96. Здесь не приходится вдаваться в тонкости влияний Блока по той простой причине, что критик оперирует исключающими друг друга понятиями, исходит из твердого убеждения: представители иных социальных слоев могут лишь «укачать» пролетарского поэта, между ними не должно быть ничего общего. И так настойчиво преследует П. Бессалько свои цели, что не только раннее творчество Кириллова называет «бесславной полосой», но и решительно осуждает стихотворное послание, посвященное автору «Двенадцати». А между тем это стихотворение весьма примечательно. Написанное как бы от лица непосредственных участников революционных событий, оно было обращено ко всем лучшим художникам прошлого, которые, как и Блок, мужественно стали «под знамена» борющегося народа:
Поэтам революции
Мы обнажили меч кровавый,
Чтоб гнет разрушить вековой,
И с верой светлой в жребий правый
Мы вышли на последний бой.
И в страшный час борьбы и муки,
В кровавом вихре грозных битв
Мы услыхали чудо-звуки
Благословляющих молитв.
И вы, что нежностью питали
Ожесточенные сердца,
Вы под знамена наши встали,
Чтоб вместе биться до конца.
О светлый час благословенный,
Велик наш огненный союз:
Союз меча борьбы священной
С певцами легковейных муз97.
Как отмечает В. Орлов, Блок бережно сохранил газетную вырезку с этими стихами98. Для него, конечно, был полон особого смысла сам факт приветствия «поэта-пролетария» (такая подпись стояла в первоначальной публикации), как и близки требование сделать «в страшный час борьбы» решительный выбор, мотив радостного единения всех сил, преданных революции. А то, что идея «союза» провозглашалась из лагеря Пролеткульта, придает стихотворению Кириллова дополнительный интерес.
Действительно, писатели этого лагеря не раз перешагивали через искусственно возводимые на их пути барьеры, вступали в живое общение с «поэтами революции», принадлежащими к иной социальной и литературной среде. Совместные выступления в печати, такие личные контакты, как например, близость М. Герасимова с Есениным и Клычковым, – все это наглядно показывает, как в практике литературного развития нарушались строжайшие предписания об изоляции. Тем не менее настроения классовой исключительности, «первородства» были очень устойчивыми. Ведь М. Герасимов на одной из конференций пролеткультов заявлял: «Мы должны сами строить нашу культуру… Мы не должны оставлять Пролеткульта. Это – оазис, где будет кристаллизоваться наша классовая воля.

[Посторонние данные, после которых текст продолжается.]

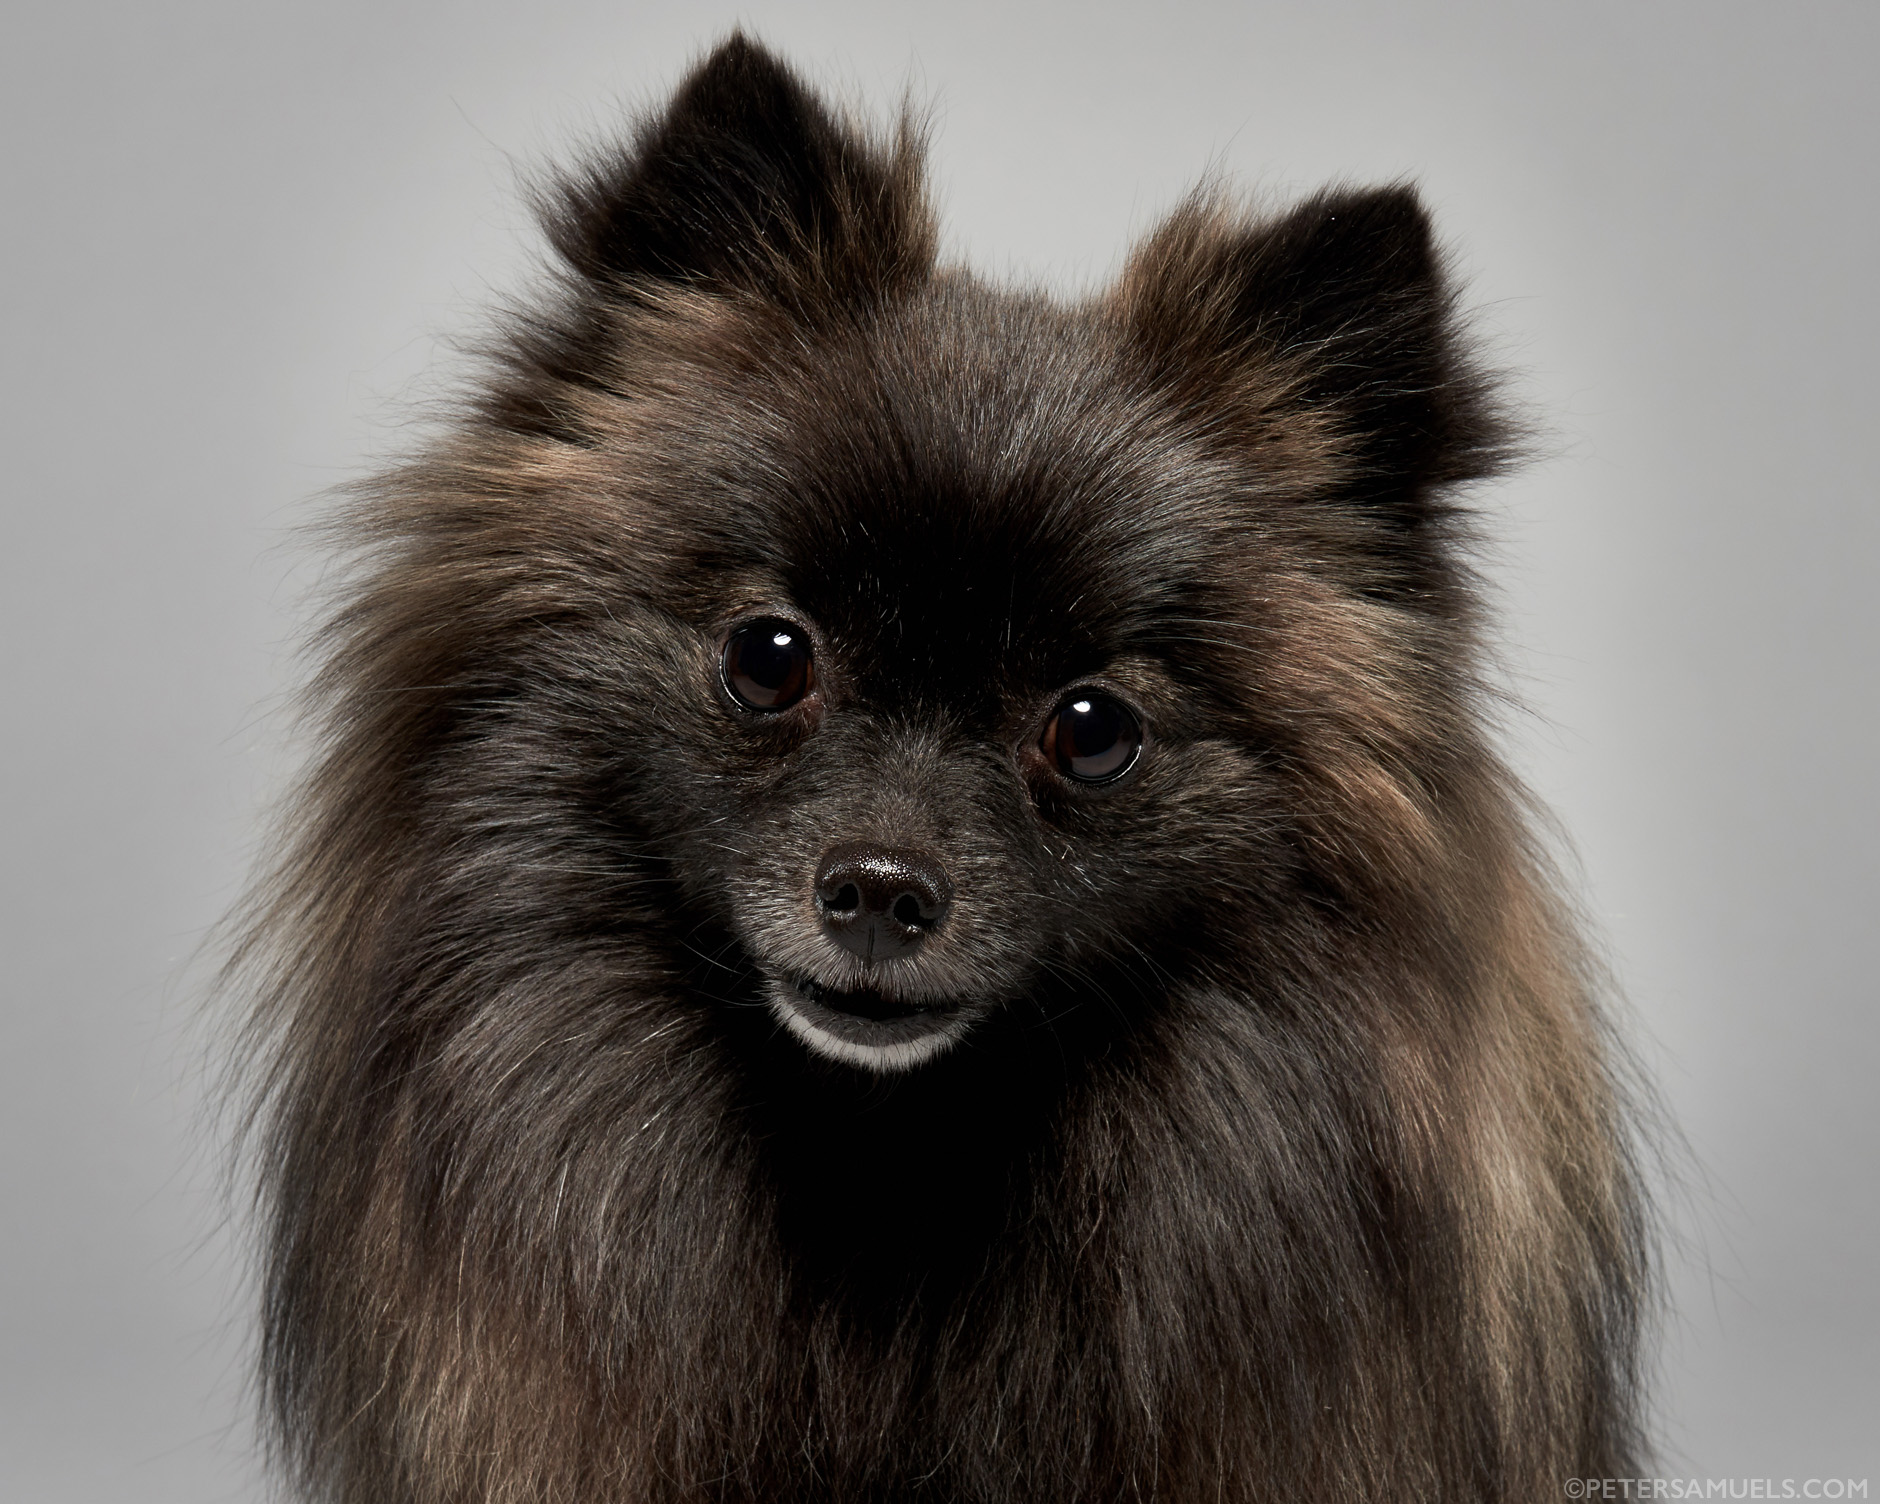 Fresh new dog portraits just in

Если мы хотим, чтобы наш горн пылал, мы будем бросать в его огонь уголь, нефть, а не крестьянскую солому и интеллигентские щепочки, от которых будет только чад, не более»99. Несмотря на витиеватость, эта метафористика не допускала каких-либо кривотолков, была совершенно ясна в своей агрессивной направленности. Не было недостатка и в «персональных» выпадах. «Они еще претендуют на жизнь… без нас они подохнут с голоду, потому что без нас им нечем жить… Они питались объедками с нашего стола»100, – в таких выражениях аттестовал, например, И. Садофьев представителей старой художественной интеллигенции, называя, в частности, имя Блока. И не только в сходных тонах, но и с характерным повторением этих уничижительных местоимений «они», «им» вел разговор с инакомыслящими В. Александровский: «…Кажется, чего бы всем этим Маяковским, Бальмонтам и др. на каждом диспуте так яростно огрызаться и визжать на нас? Ведь мы их пока еще не трогаем. Да – пока! Но они знают, что это „пока» мы уже переходим, и им делается не по себе»101. Такое, на первый взгляд несколько неожиданное «уравнение» Маяковского и Бальмонта, было по-своему закономерно, ибо все, кто не принадлежал к избранной касте, подвергались остракизму, попадали в одну категорию противников, обреченных на скорую гибель.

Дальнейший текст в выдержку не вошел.